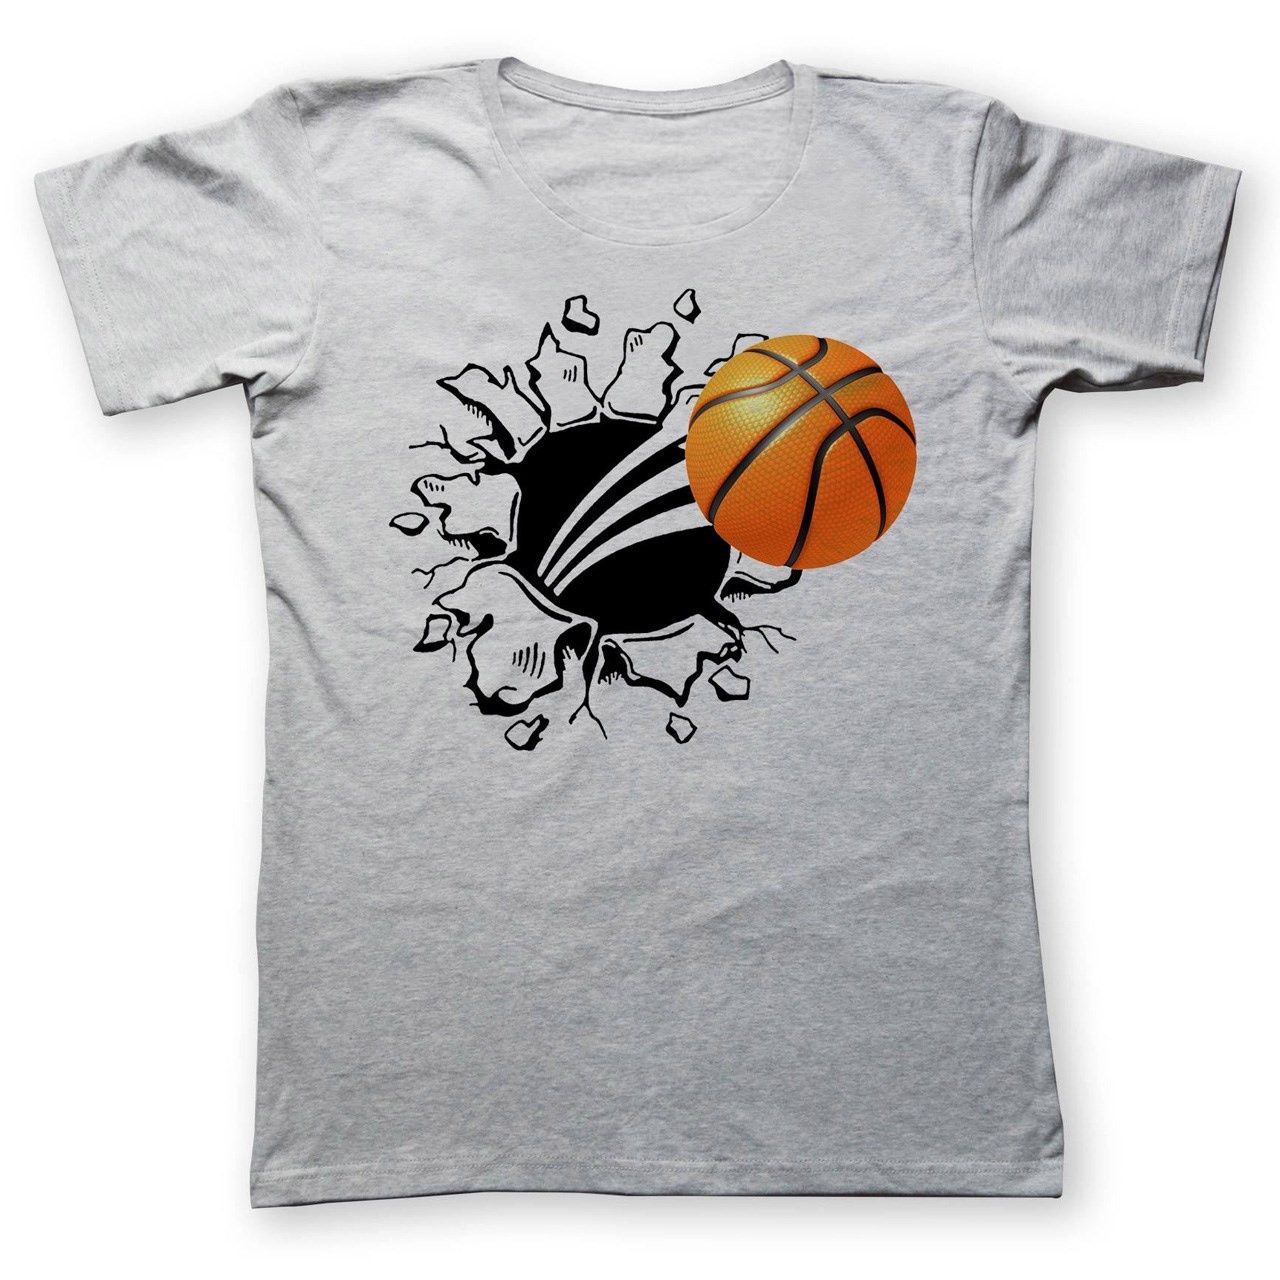 تی شرت مردانه  به رسم طرح توپ بسکتبال کد 225 -  - 1
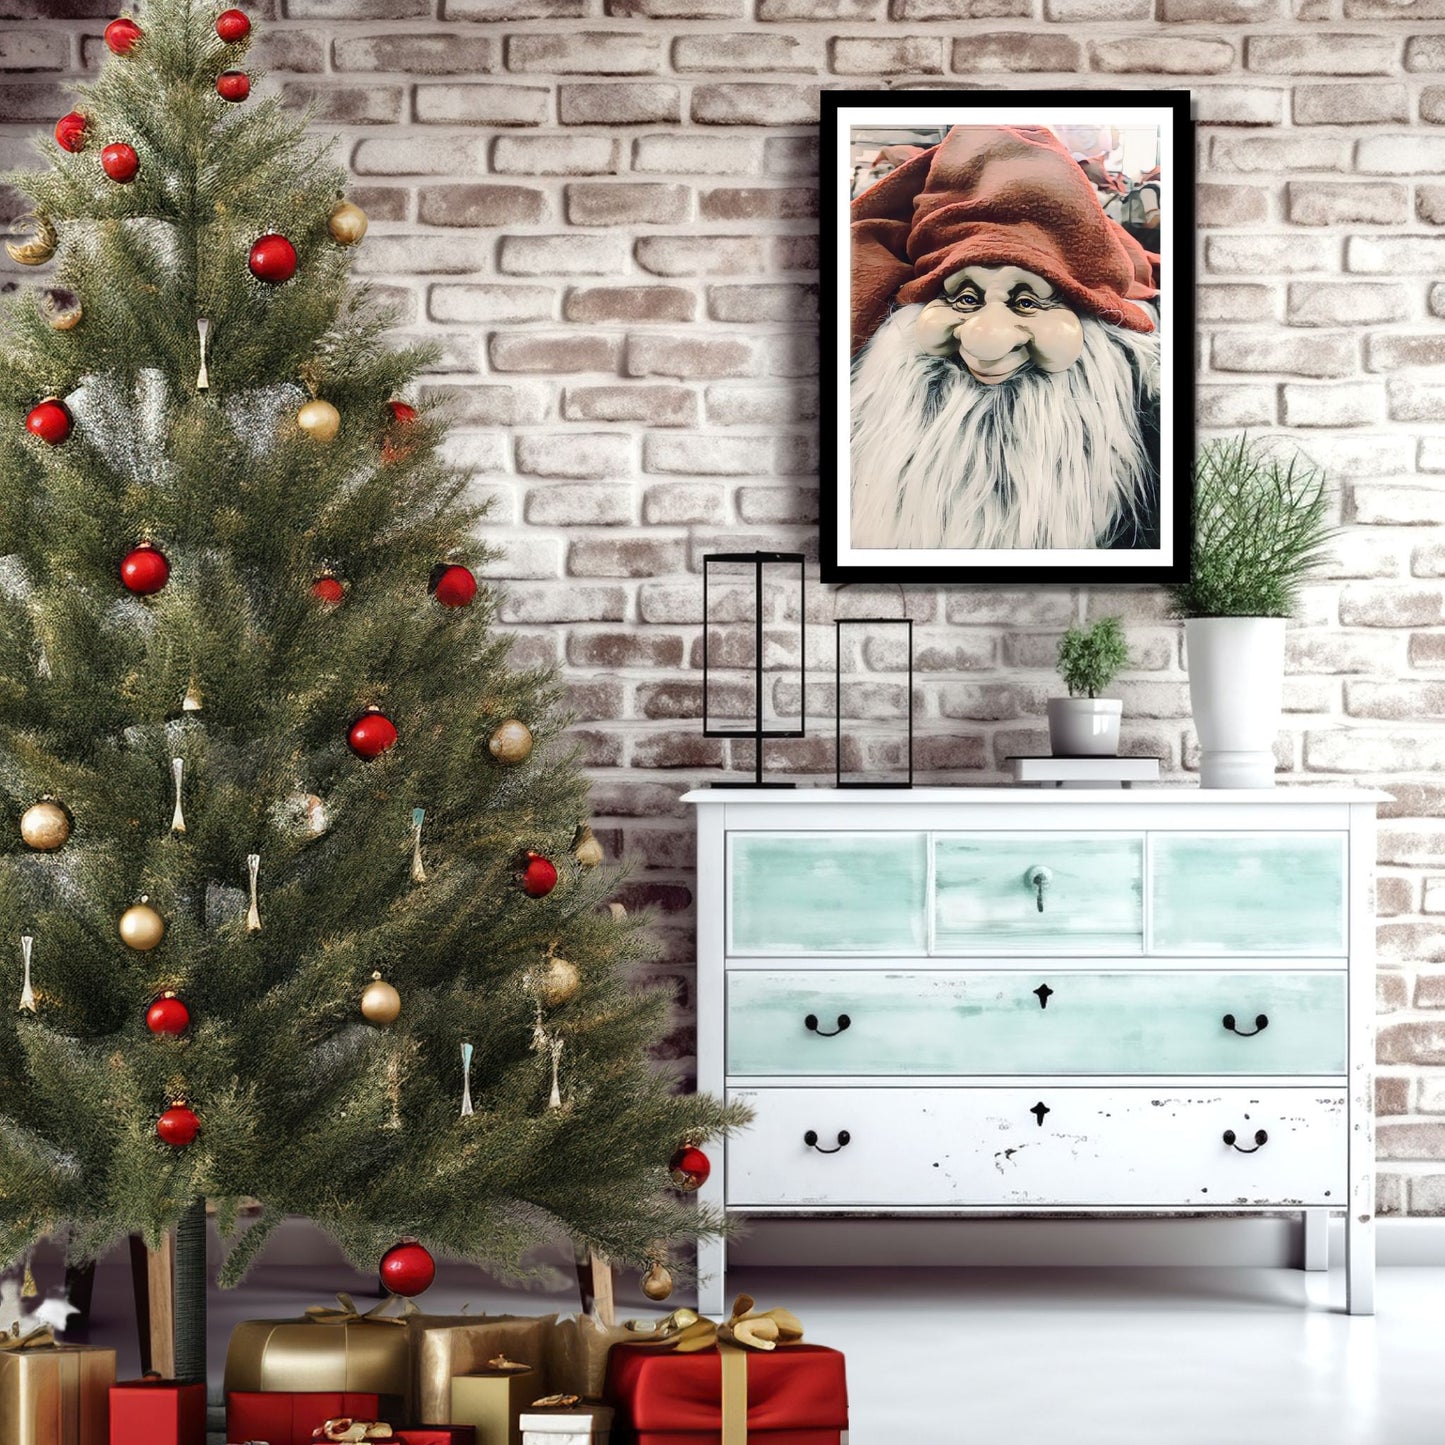 Grafisk motiv av ansiktet til en julenisse med stort, hvitt skjegg og rød nisselue. På bildet henger nissemotivet som plakat i en sort ramme på en murvegg. Under bildet står det en grønn kommode, og ved siden av et juletre og julepakker.
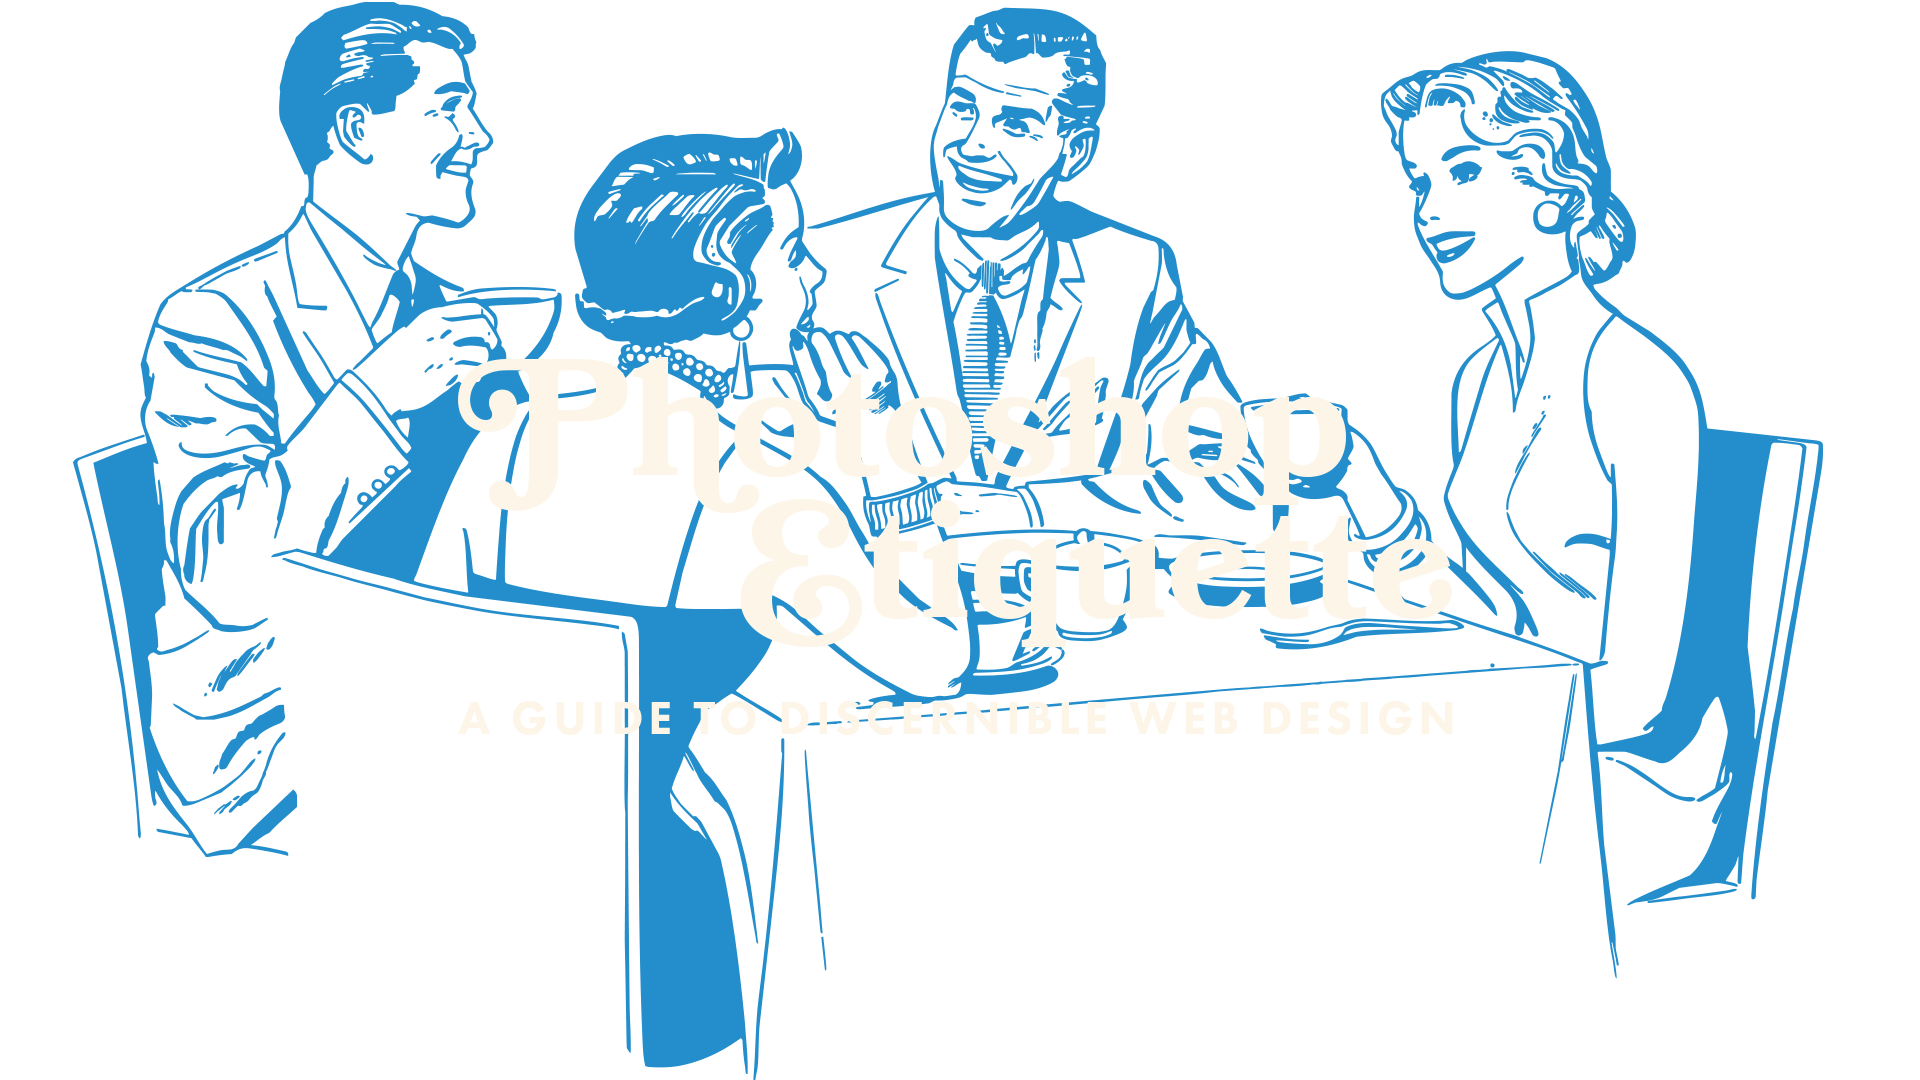 Photoshop Etiquette

# [Exercise instructions]
When you set down the material above, keep every word exact and include no pictures.

# [Result of this exercise]
 تی شرت مردانه  به رسم طرح توپ بسکتبال کد 225 -  - 1
 Grafisk motiv av ansiktet til en julenisse med stort, hvitt skjegg og rød nisselue. På bildet henger nissemotivet som plakat i en sort ramme på en murvegg. Under bildet står det en grønn kommode, og ved siden av et juletre og julepakker.
 Photoshop Etiquette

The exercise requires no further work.